### Exercise aim
Make an exact copy, from the records below, of the lines from the line containing "Russian army Sergeant" to the line containing "Creative Portrait Graphic", both lines included, excluding pictures.

### Extracted records
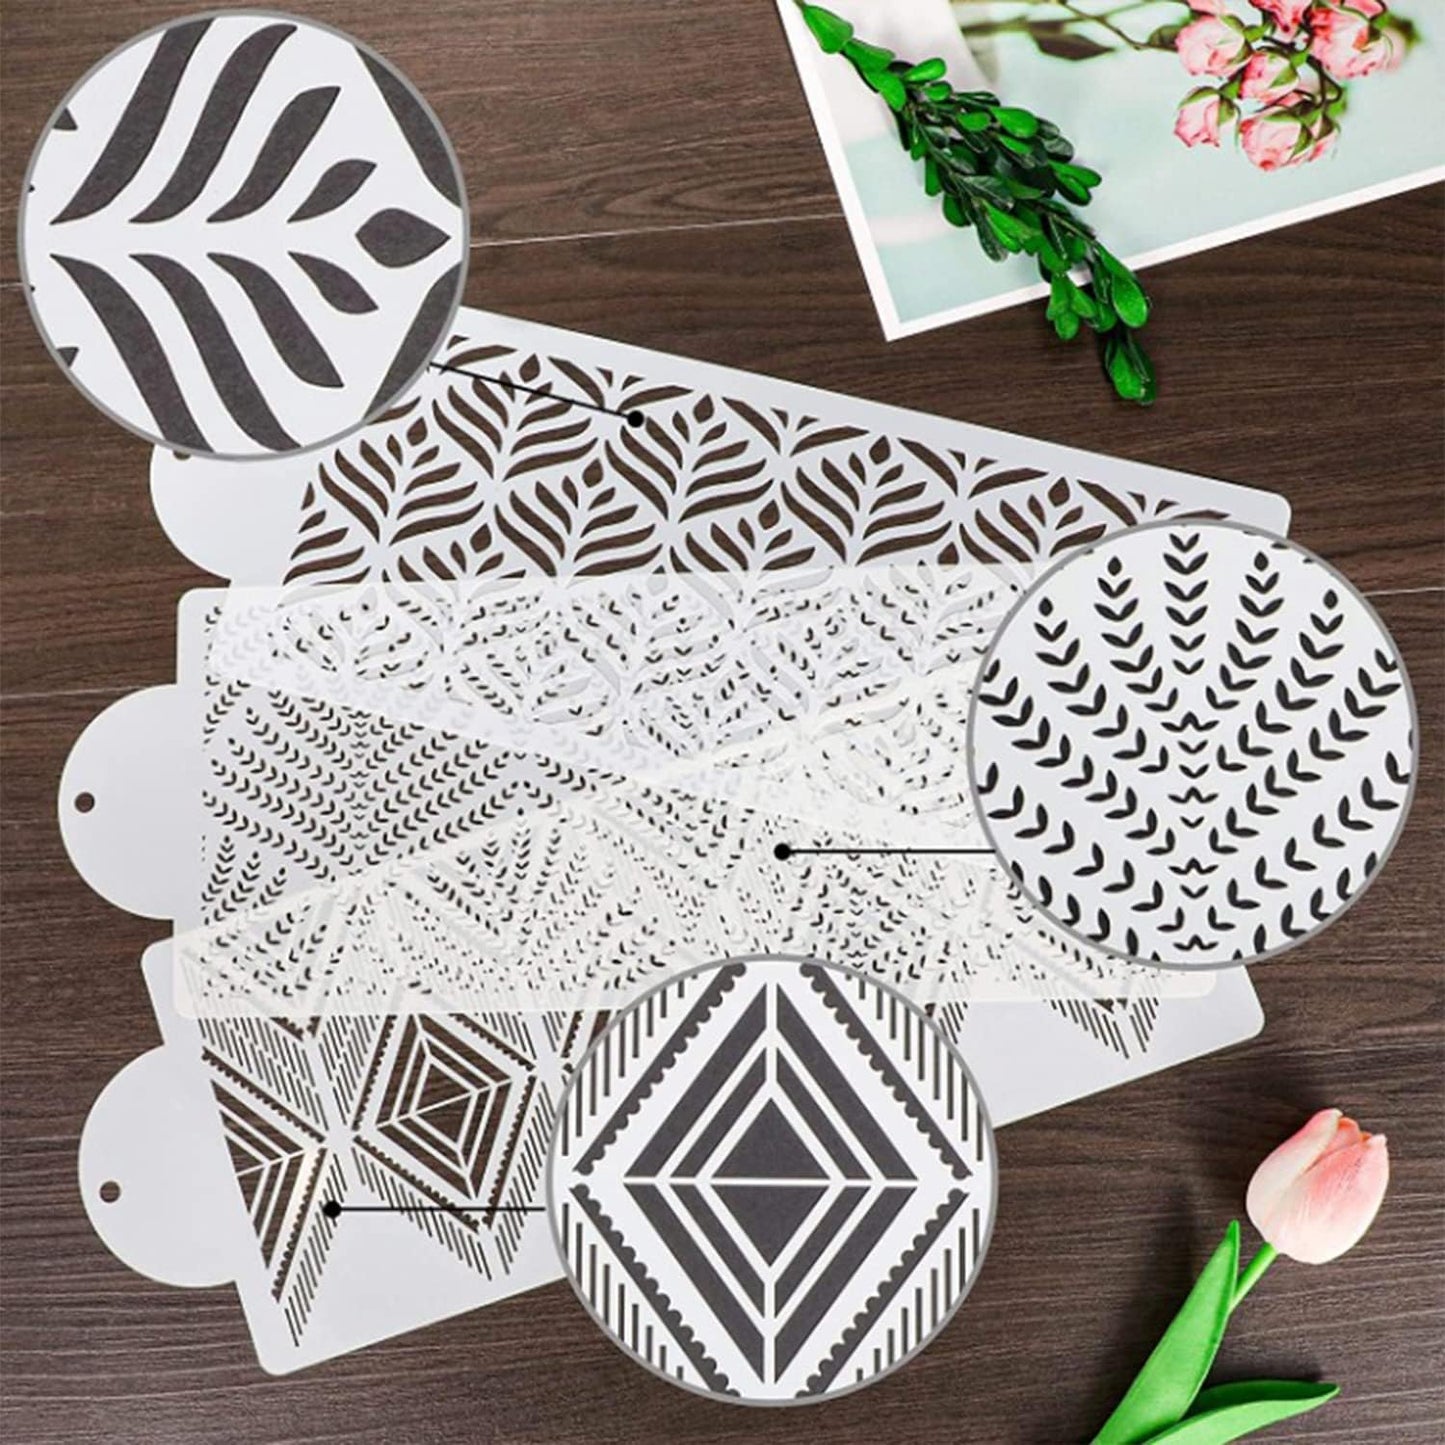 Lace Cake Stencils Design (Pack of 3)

---

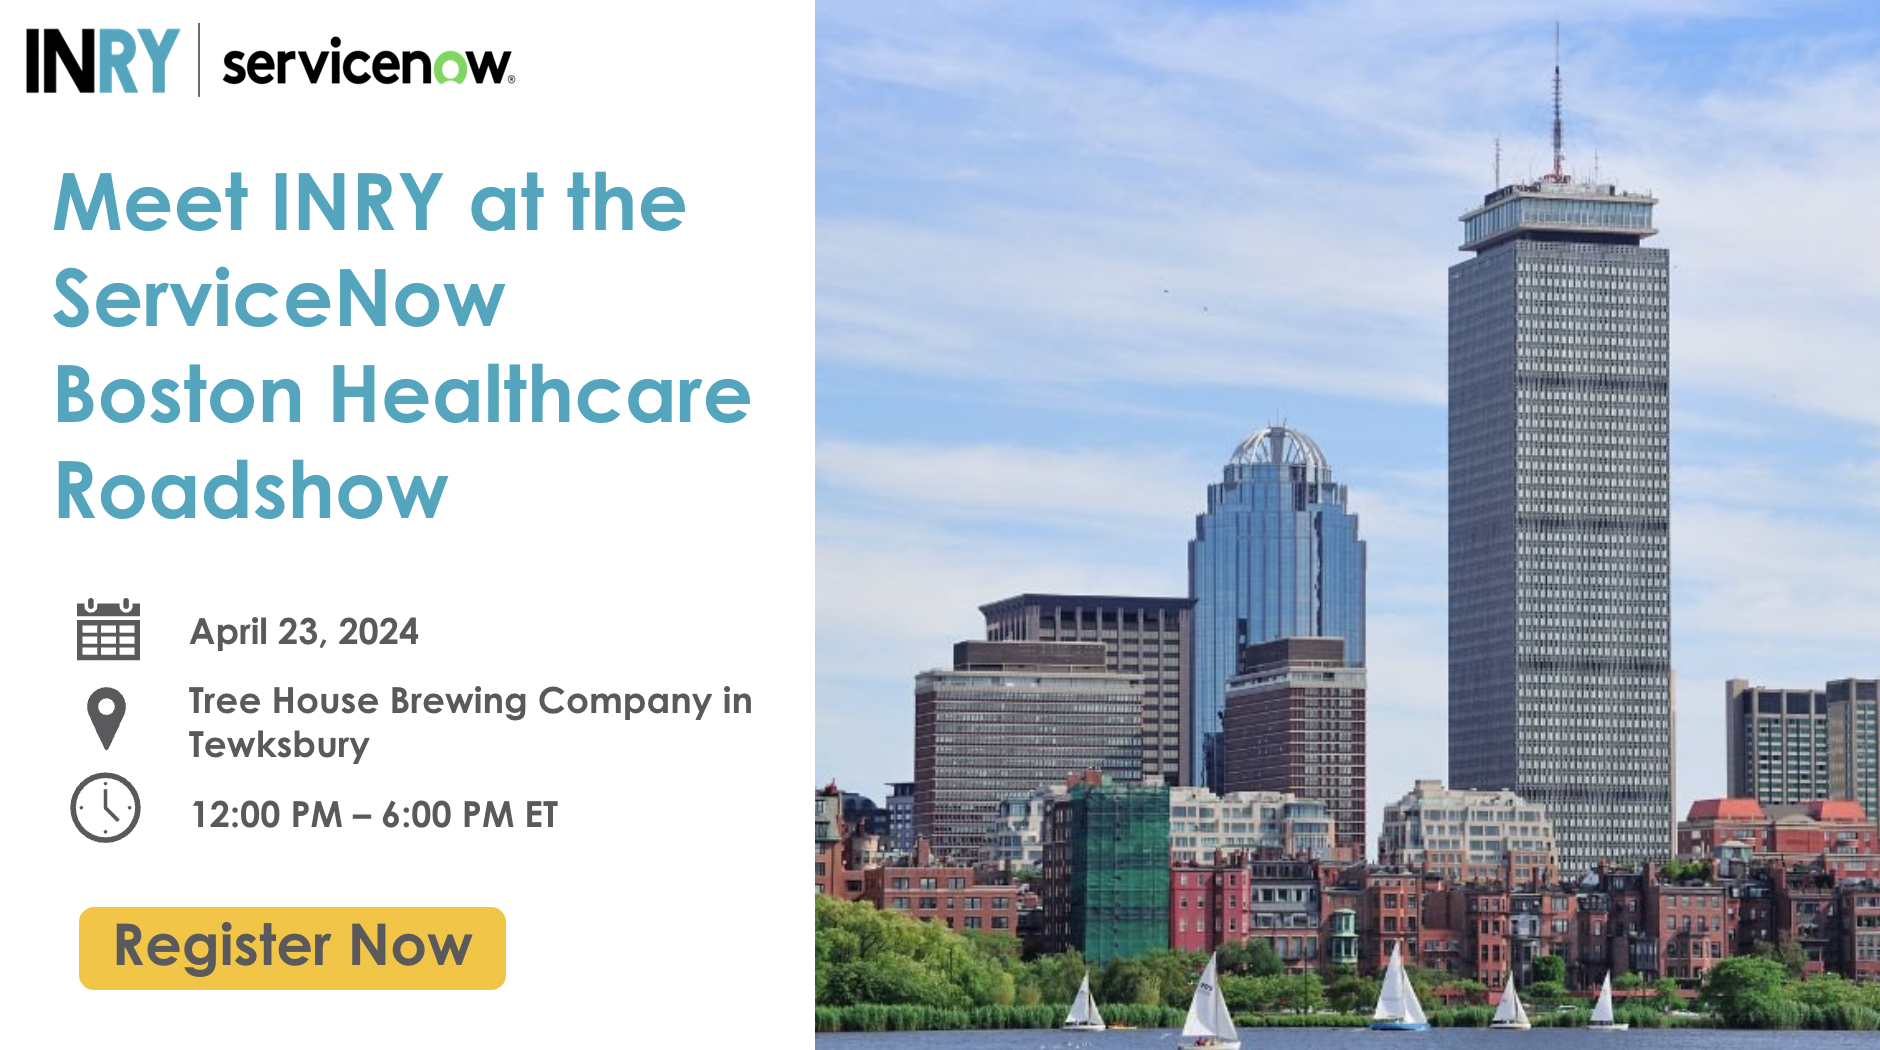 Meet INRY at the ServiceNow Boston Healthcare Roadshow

...

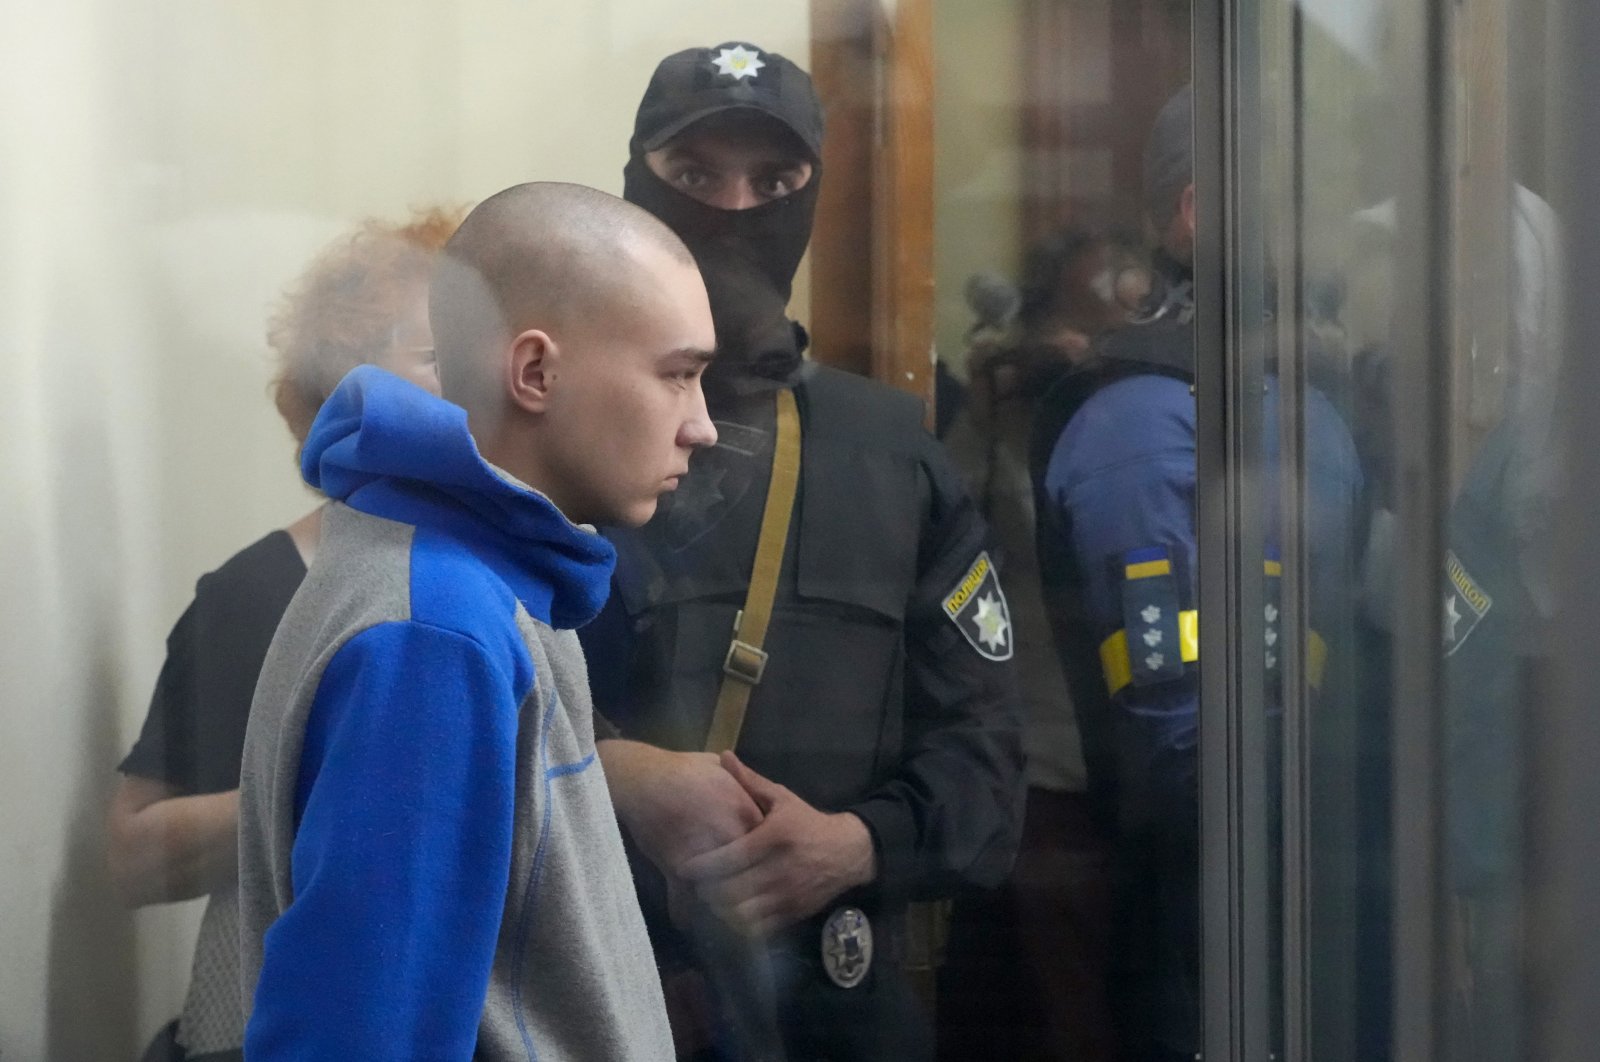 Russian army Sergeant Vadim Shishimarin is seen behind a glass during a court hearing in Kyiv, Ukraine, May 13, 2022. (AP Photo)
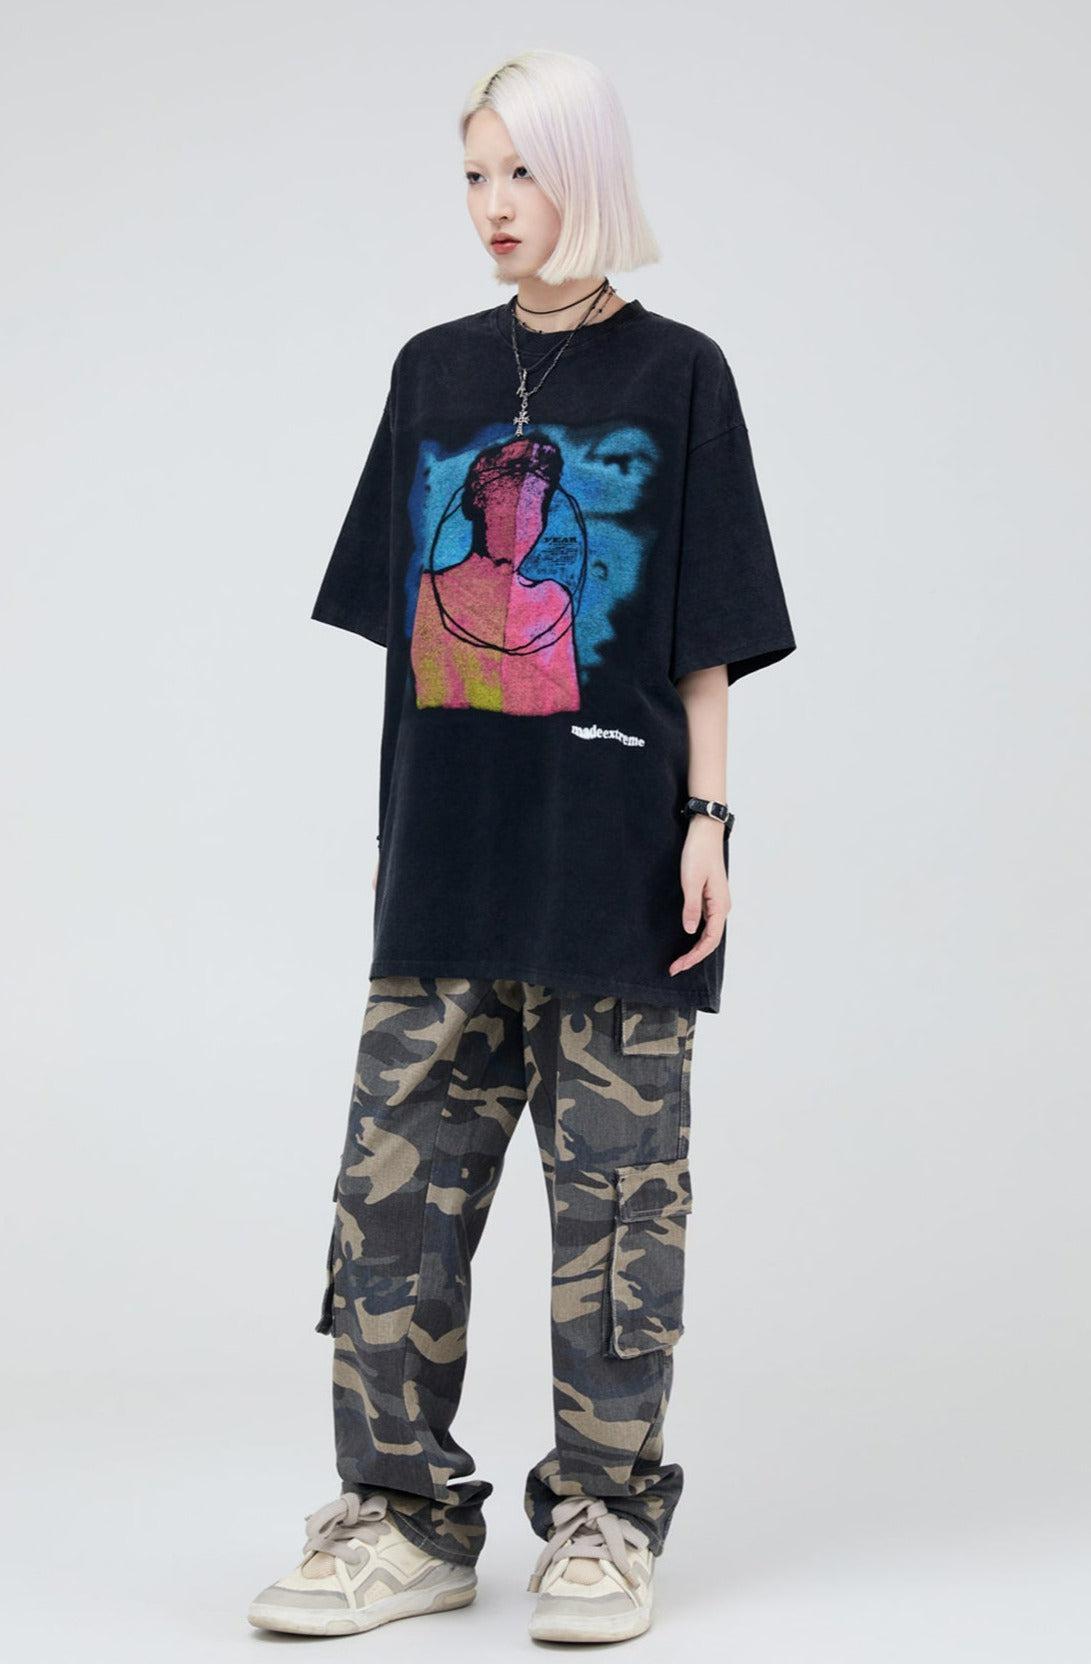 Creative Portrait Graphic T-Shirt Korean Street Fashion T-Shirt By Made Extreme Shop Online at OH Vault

### Response to this exercise
 Russian army Sergeant Vadim Shishimarin is seen behind a glass during a court hearing in Kyiv, Ukraine, May 13, 2022. (AP Photo)
 Creative Portrait Graphic T-Shirt Korean Street Fashion T-Shirt By Made Extreme Shop Online at OH Vault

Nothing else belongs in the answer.